Common conditions covered under these policies include:
- Cancer
- Heart attacks
- Stroke
- Kidney failure
- Major organ transplants
- Blindness
- Multiple sclerosis
- Paralysis
Why Do Critical Illness Claims Get Denied?
Critical illness claims can face denials for many reasons, including but not limited to the following:
Material Misrepresentation
Material misrepresentation is the most common cause of insurance denials, regardless of policy type. This denial occurs when an insurer believes that you have made a misrepresentation in your insurance application by providing information that is not accurate, even if you do so unintentionally. Crucially, the insurer can void your policy even if your misrepresentation is entirely unrelated to your critical illness.
Exclusion Clauses
While your critical illness insurance policy offers certain protections, it will also contain many exclusions, which are not covered under the policy. Common exclusions include:
- Pre-existing conditions.
- Conditions related to alcohol or drug use.
- Self-inflicted injuries.
- Injuries sustained from criminal activities.
- Chronic conditions, including asthma or fibromyalgia.
Policy Waiting Periods
Most critical illness policies include waiting periods between when the policy is purchased and when coverage becomes effective. These waiting periods can range from 30 to 90 days, depending on the specific condition and policy terms. For complex illnesses, the initial date when symptoms first started developing and when an official diagnosis was received can be hard to pinpoint. If your insurance provider believes you developed symptoms during the waiting period, your claim might be denied.
What are the Possible Solutions to a Denied Claim?
Are you wondering what you can do if your insurance company denies your insurance claim? The lawyers at Rice Harbut and Elliott LLP are here to help. When navigating denied claims, here are some ways we can help:
Review Your Denial
Insurance policies are often long and difficult to understand, which can make dealing with your insurance denial even more overwhelming.

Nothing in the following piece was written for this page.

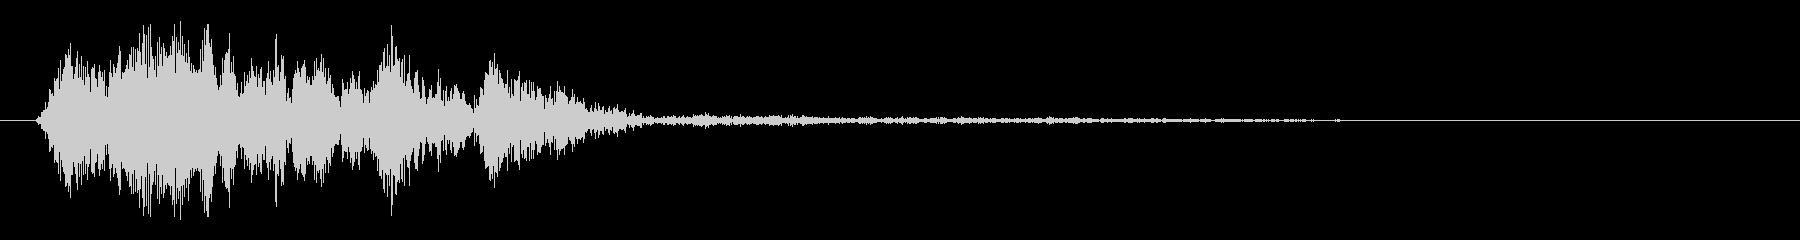 クワッ(一瞬の甲高い鳴き声音)の未再生の波形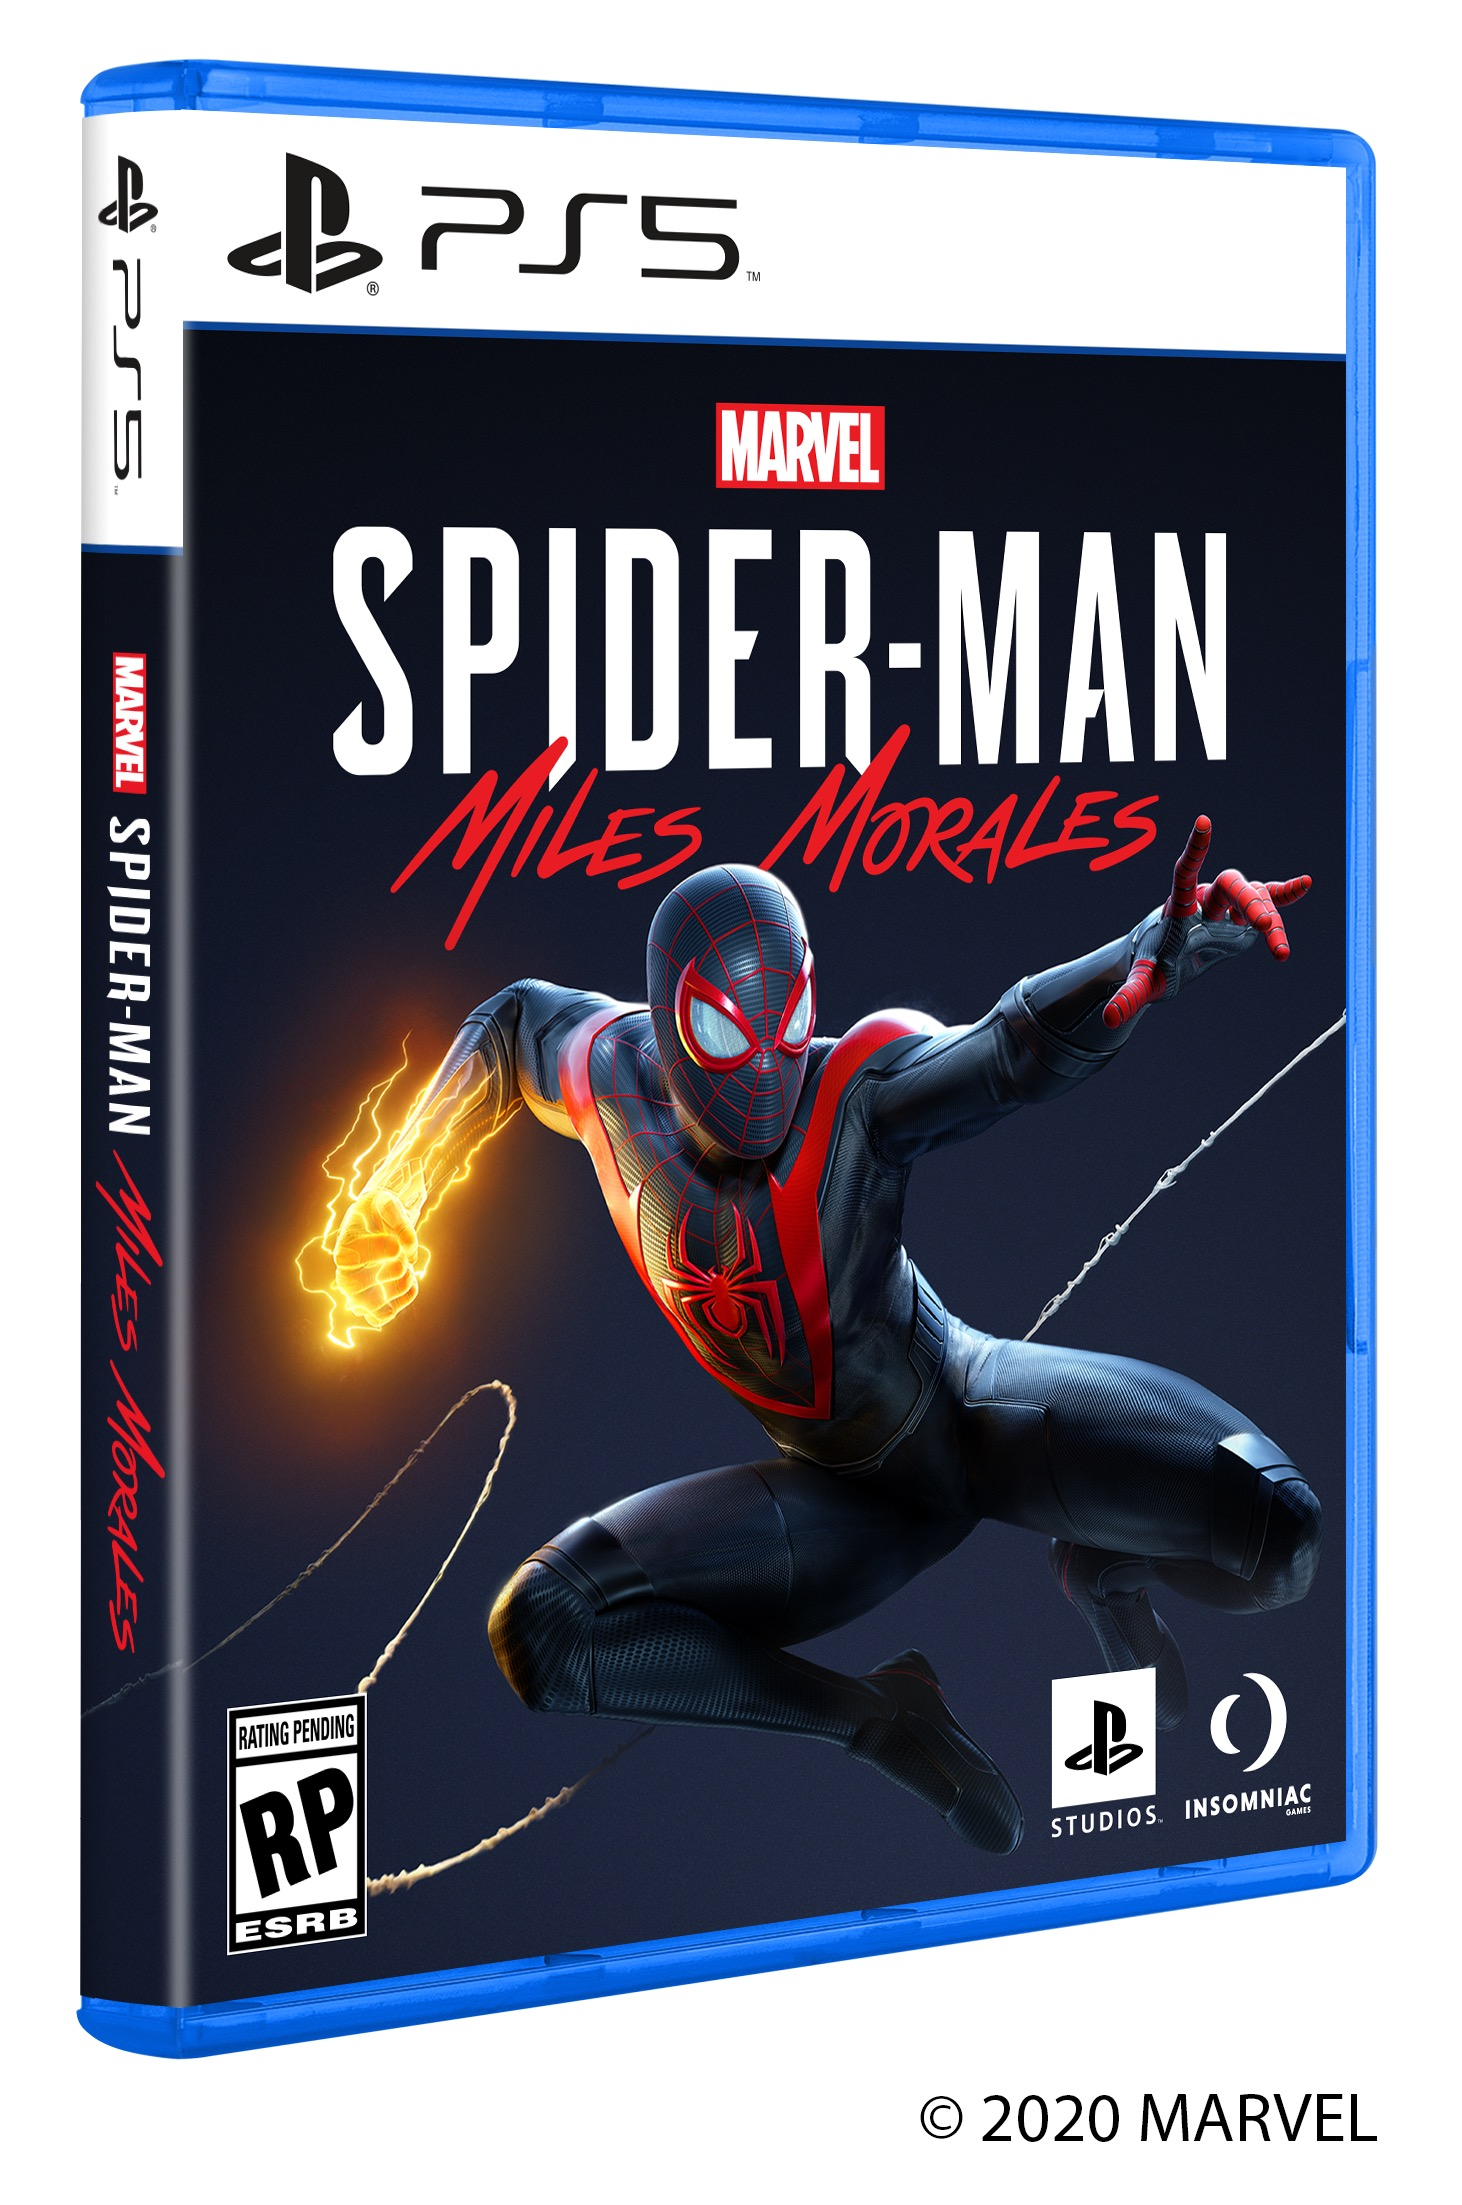 تصویر روی جلد بازیهای PS5

When you work with us, our lawyers will carefully review the terms of your insurance policy, provide you with advice on whether their denial (or voiding of coverage) was wrongful, and if so, what the plan of action should be.
Navigate Your Appeal
In most cases, you can appeal your insurance denial through the appeal process established under your insurance policy. However, insurance companies typically have multi-level appeal processes that can extend for many months and often do not result in a favourable outcome.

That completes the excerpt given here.